Nonsense. The only thing that could possibly be prohibited in
practice is _reordering_ based on this information; we wouldn't be
able to tell if we did all sorts of other transformations (like
removing exception handlers and exception points, eliding tests,
etc.). We can simplify as much as we like.
Rules (1) and (2) together actually seem to be a bit _more_ permissive
than your suggestion of a month or so ago... Was I misreading your
intention? Your mention of giving memory semantics only for
transformed programs left me bewildered, but your responses to other
messages seemed to indicate that you wanted to preserve observable
ordering even in the face of optimization.
That said, I think it's a bit naive to look for a memory semantics
independent of data and control dependency. Java has a fairly
well-defined semantics for both data and control dependency already;
the memory model must exist in that context. Is a particular
transformation legal? Only if it preserves legal behavior in the
overall system. A transformation isn't legal wrt data and control
dependency but somehow illegal wrt memory semantics; that's silly.

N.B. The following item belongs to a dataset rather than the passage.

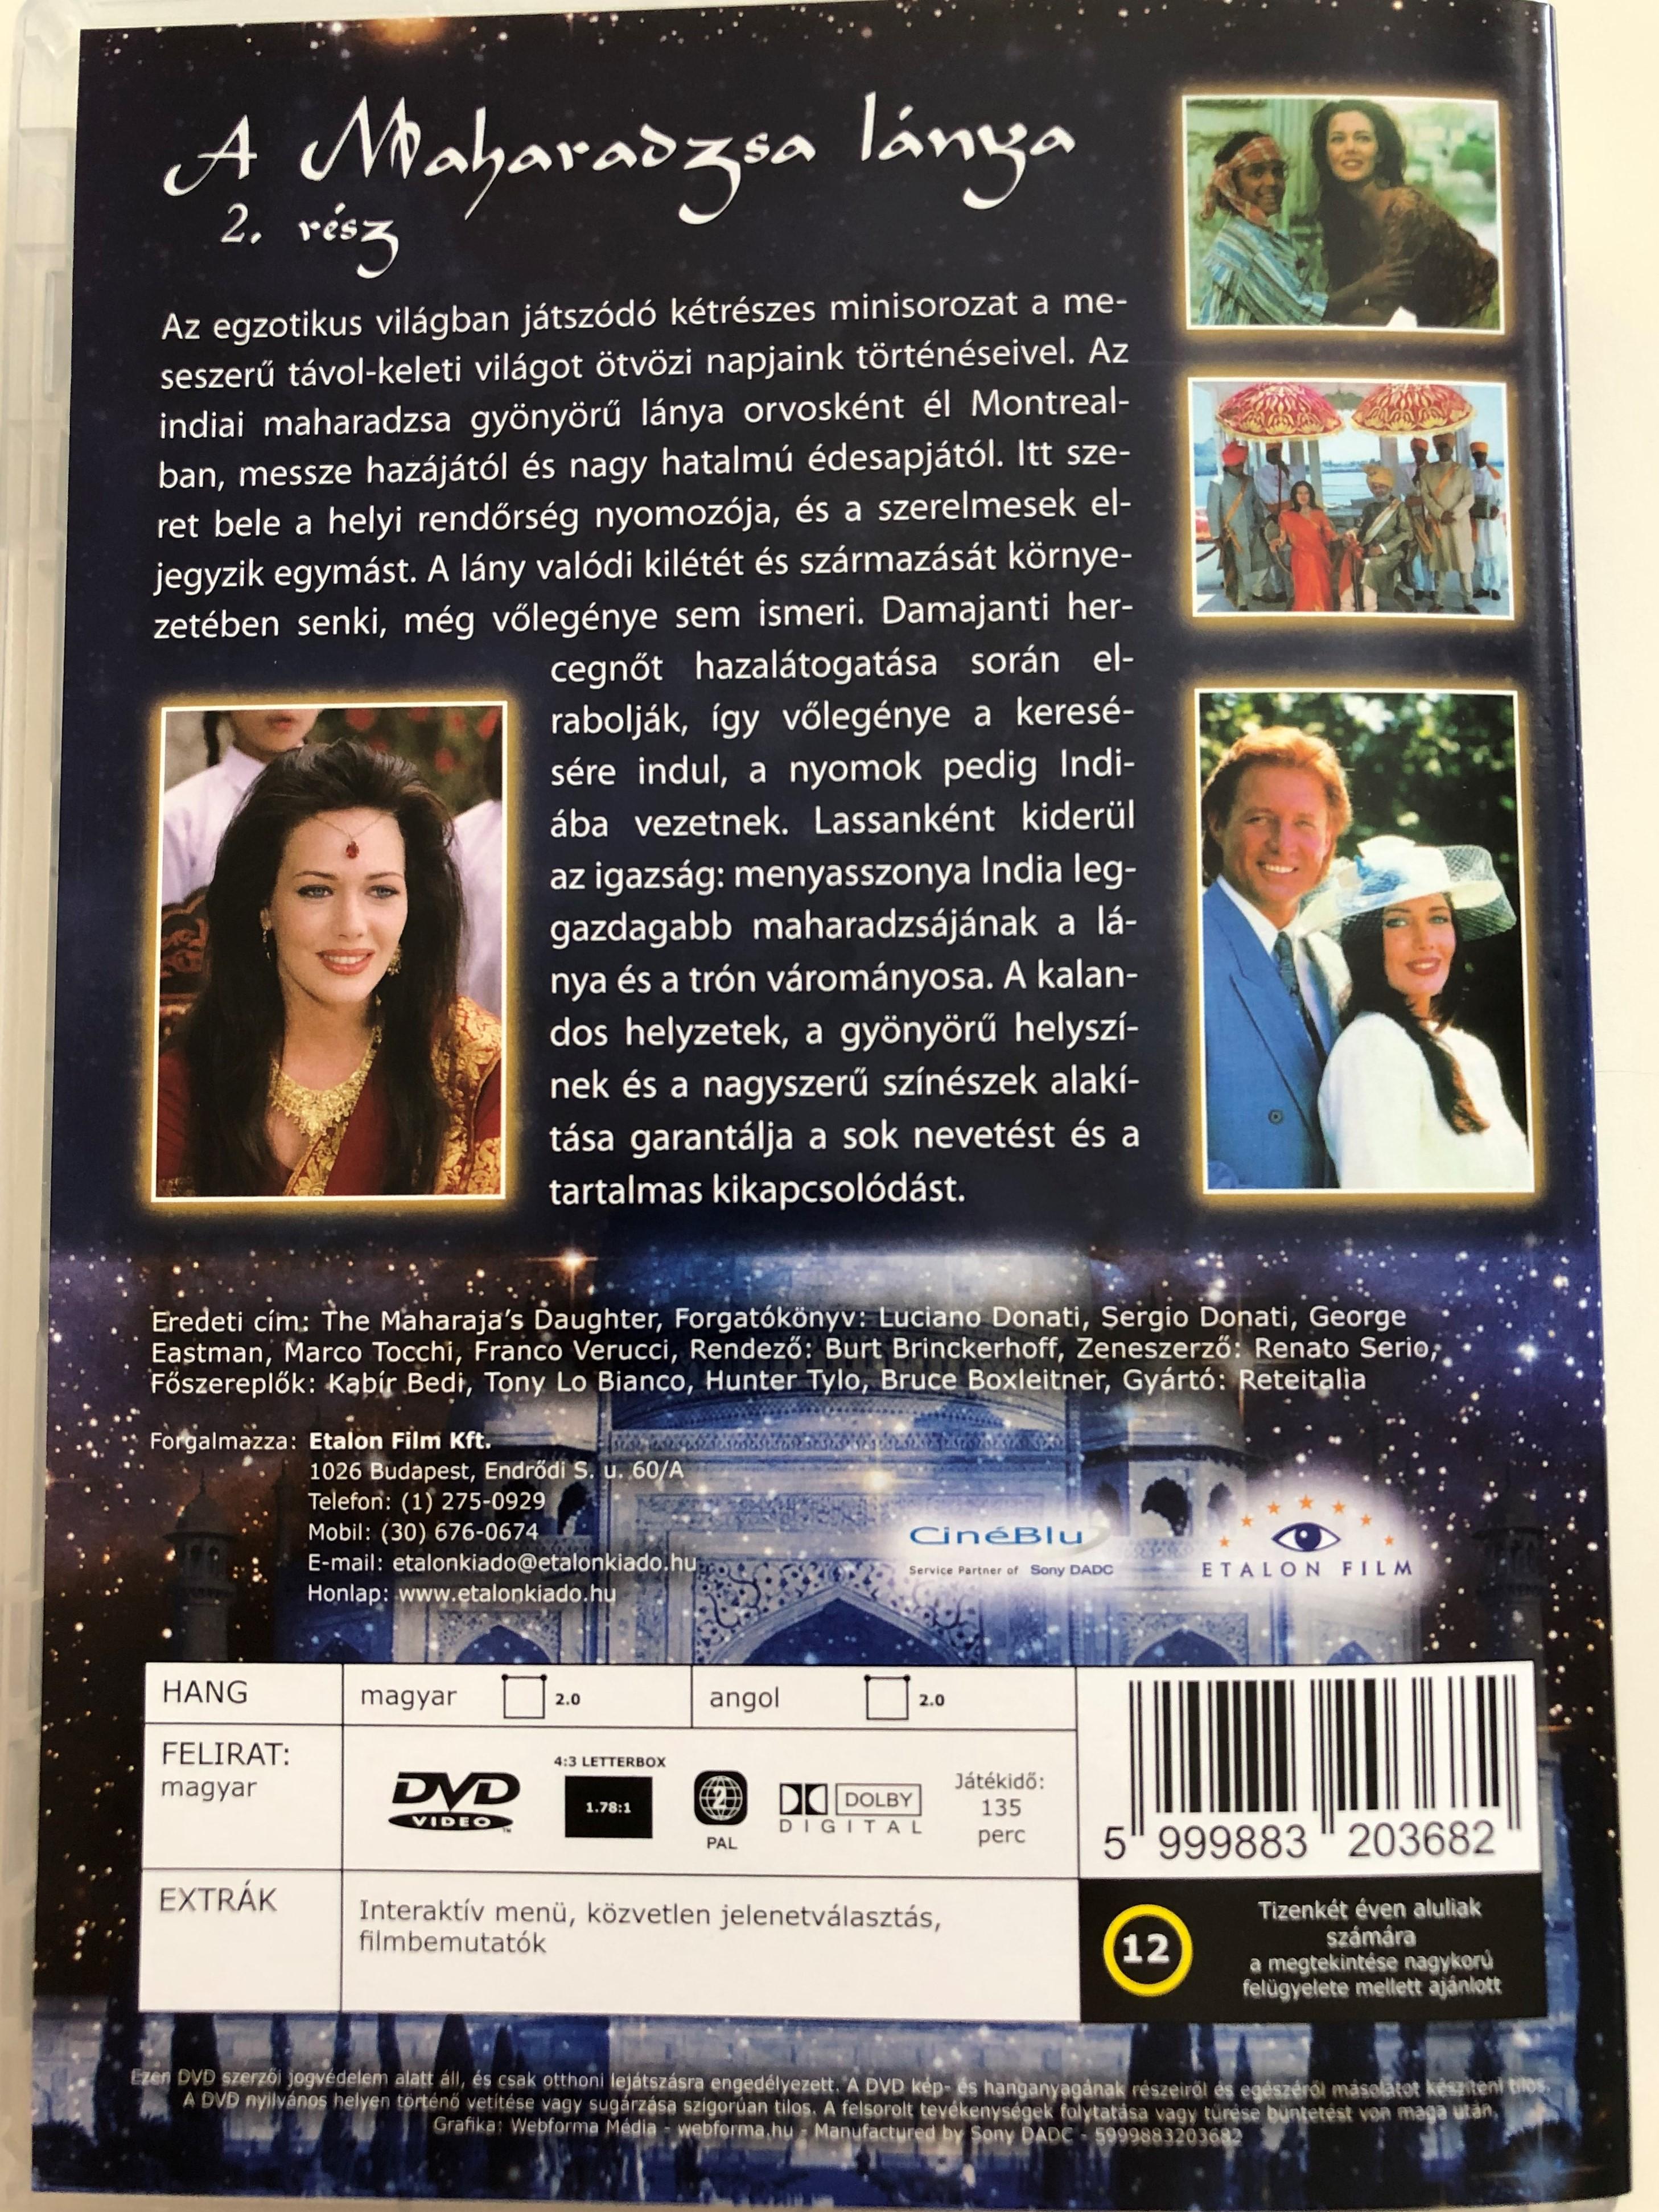 the-maharaja-s-daughter-2.-dvd-1994-a-maharadzsa-l-nya-2.-r-sz-directed-by-burt-brinckerhoff-starring-kabir-bedi-bruce-boxleitner-hunter-tylo-mini-series-2-.jpg

That said, my notion that "local is special" is born of the idea that
simple and useful local transformations _should_ be permitted as much
as possible---IF we can assert that another thread can't stomp in and
mess things up.
PS - I've been working on a version of CRF that's a bit less
alias-sensitive as part of my non-JMM-related thesis work. It should
permit somewhat more aggressive reordering of reads if used in the CRF
JMM; the big difference is that references obtained through two different
names would be considered different even if they happened to alias.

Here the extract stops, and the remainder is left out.